Bone Graft Materials: A Comparison of Nanoss Bioactive 3d and Vitoss Ba in a Challenging Model

Introduction

The need for regeneration and repair of bone presents itself in a variety of clinical situations. The current gold standard of treatment is autograft harvested from the iliac crest or local bone. Inherent disadvantages associated with the use of autogenous bone include limited supply, increased operating time and donor site morbidity. This study utilized a challenging model of posterolateral fusion to evaluate the in vivo response of an engineered collagen carrier combined with nano-structured hydroxyapatite (NanOss Bioactive 3D, Pioneer Surgical) compared to a collagen porous beta-tricalcium phosphate bone void filler (Vitoss BA, Orthovita).

Materials and Methods

A single level posterolateral fusion was performed in 72 adult rabbits at 6, 12 and 26 weeks (8 per group per time point). Group 1: nanOss Bioactive 3D + bone marrow aspirate (BMA) + autograft, Group 2: Vitoss BA + BMA and Group 3: Autograft + BMA were compared were compared using radiographic (X-ray and Micro-computed tomography (μCT), biomechanics (manual palpation and tensile testing at 12 and 26 weeks) and histology.

Results

Radiographic grading and μCT demonstrated progressive increases in radiopacity at the transverse processes and at the middle of the developing fusion for Groups 1 and 3. New bone formation was noted for Group 2 only at the transverse processes (not in the middle of the fusion site).
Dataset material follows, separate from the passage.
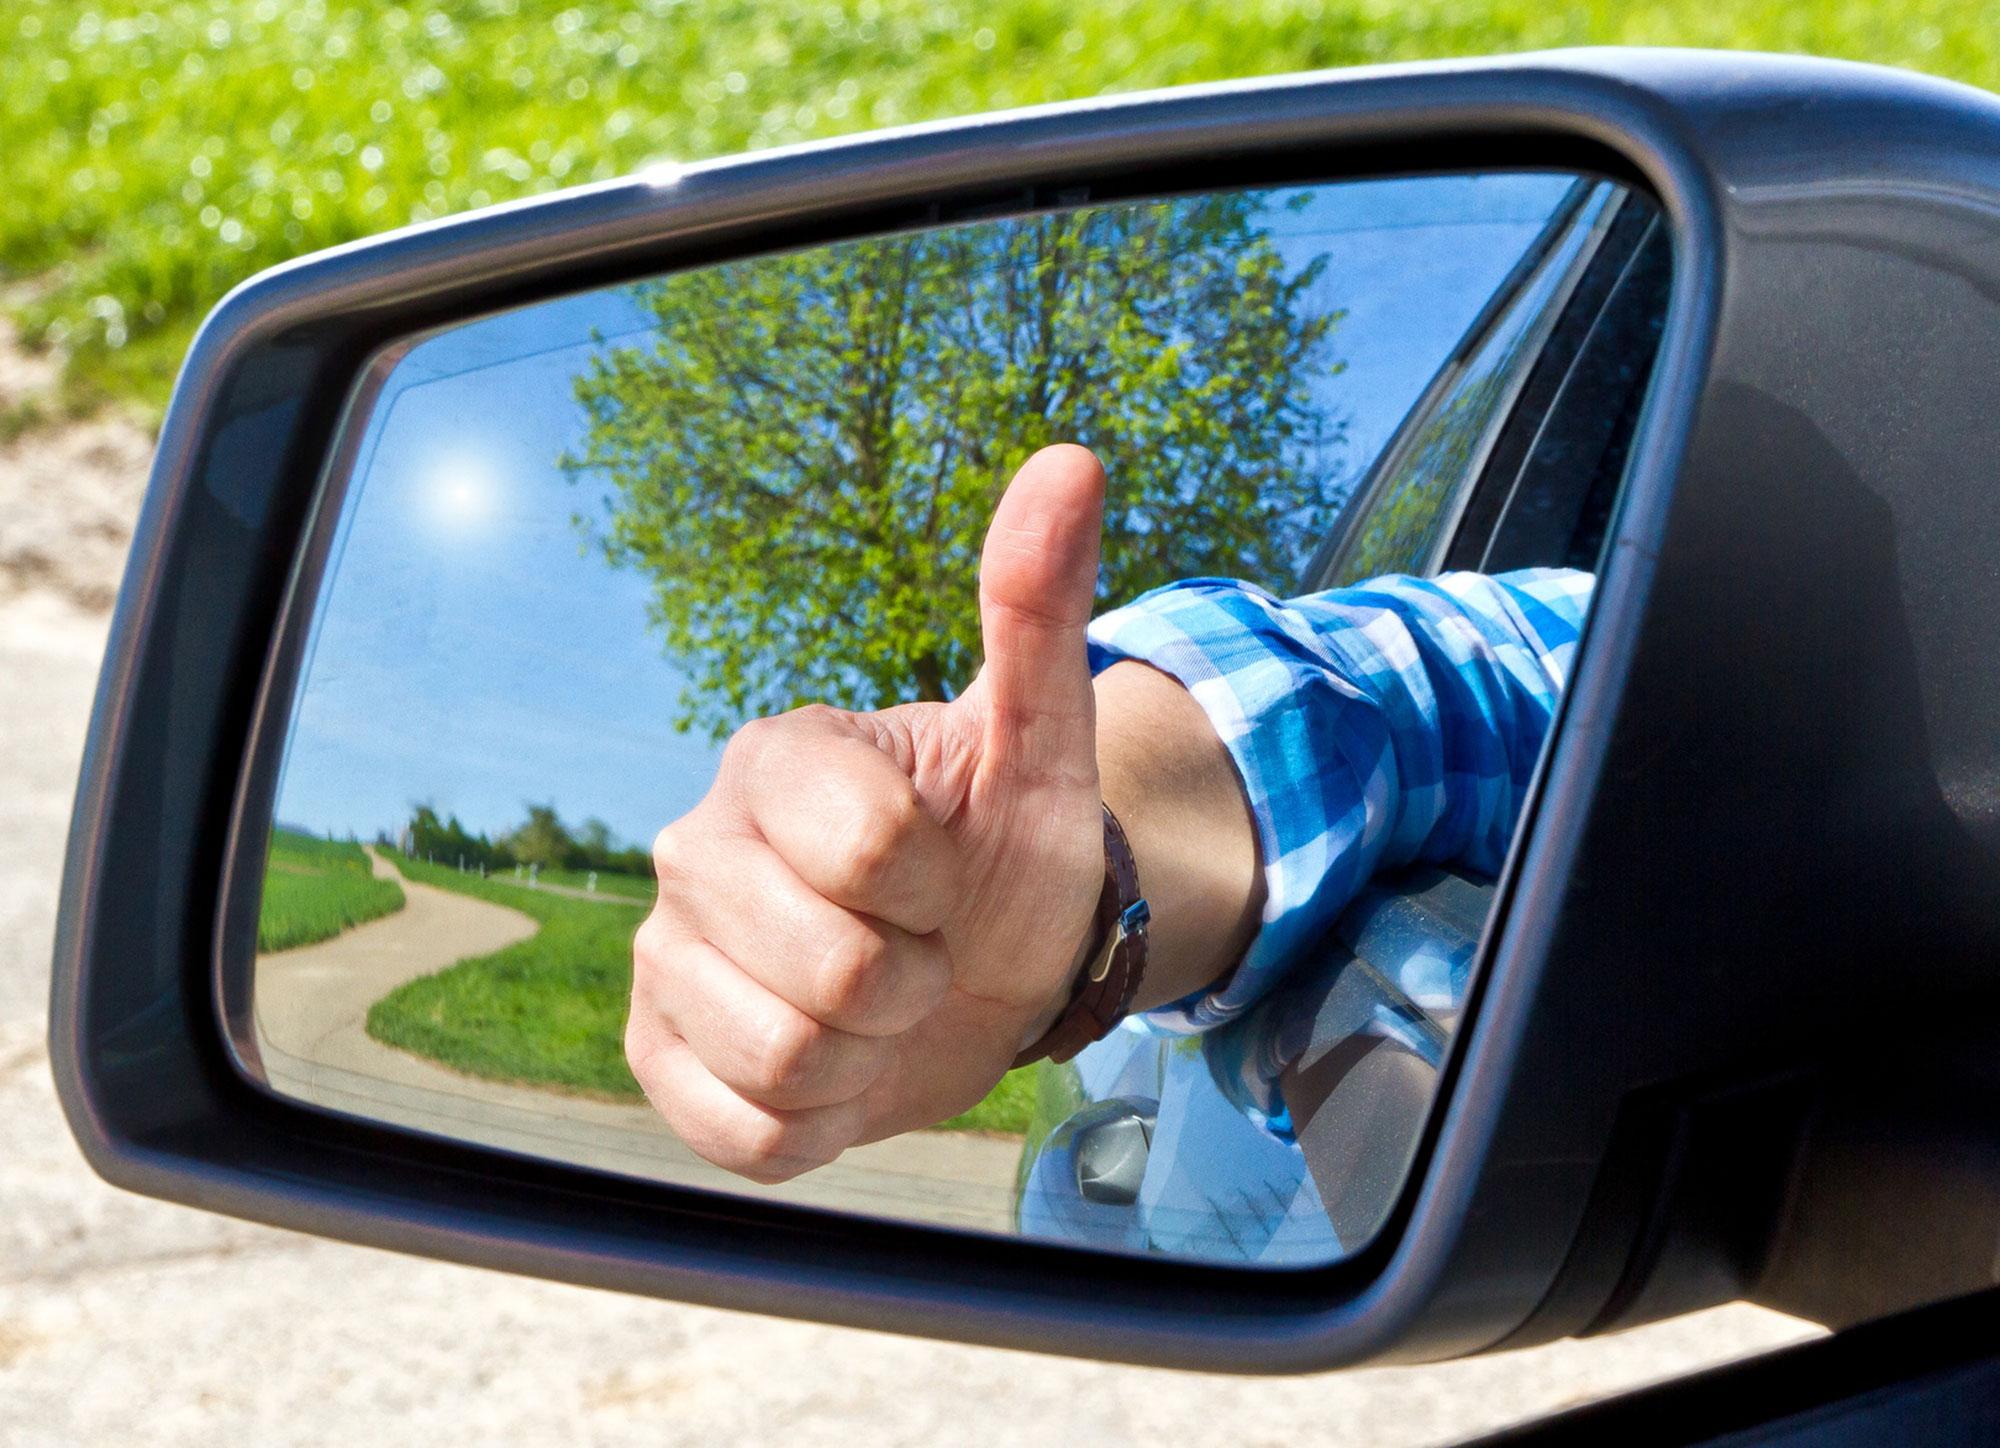 Ислам призывает к вежливости на дороге

In this challenging model, manual palpation revealed comparable fusion rates in Groups 1 and 3 (43% and 38%, respectively). None of the animals from Group 2 were fused by manual palpation. Group 3 outperformed Group 2 (P<0.05) while the results were similar to Group 1. Histology on the transverse processes at 6, 12, and 26 weeks demonstrated an osteoconductive response with woven bone formation and subsequent remodeling for all groups. Histology in the middle of the fusion mass (between the transverse processes) also demonstrated an osteoconductive response with remodeling and the development of marrow spaces in the Groups 1 and 3 at 6, 12, and 26 weeks. Bone formation in the middle of the fusion was negligible at 6, 12 and 26 weeks for Group 2.

Discussion

Posterolateral fusion models represent an extremely challenging biological site to evaluate bone graft materials and provide insight into clinical performance. Group 1 (nanOss Bioactive 3D + Autograft + BMA) performed well in the current model providing an osteoconductive scaffold that supported new bone formation on the transverse processes as well as in the middle of the fusion mass and that remodeled with time based on all endpoints. The graft materials had yet to completely resorb by 26 weeks in the current model. Group 2 performed well on the transverse processes in terms of new bone formation however new bone in the middle of the fusion mass was negligible at 6, 12, and 26 weeks. Group 3 (Autograft + BMA) performed well with new bone formation and remodeling on the transverse process and in the middle of the fusion mass as well as is consistently reported with this model.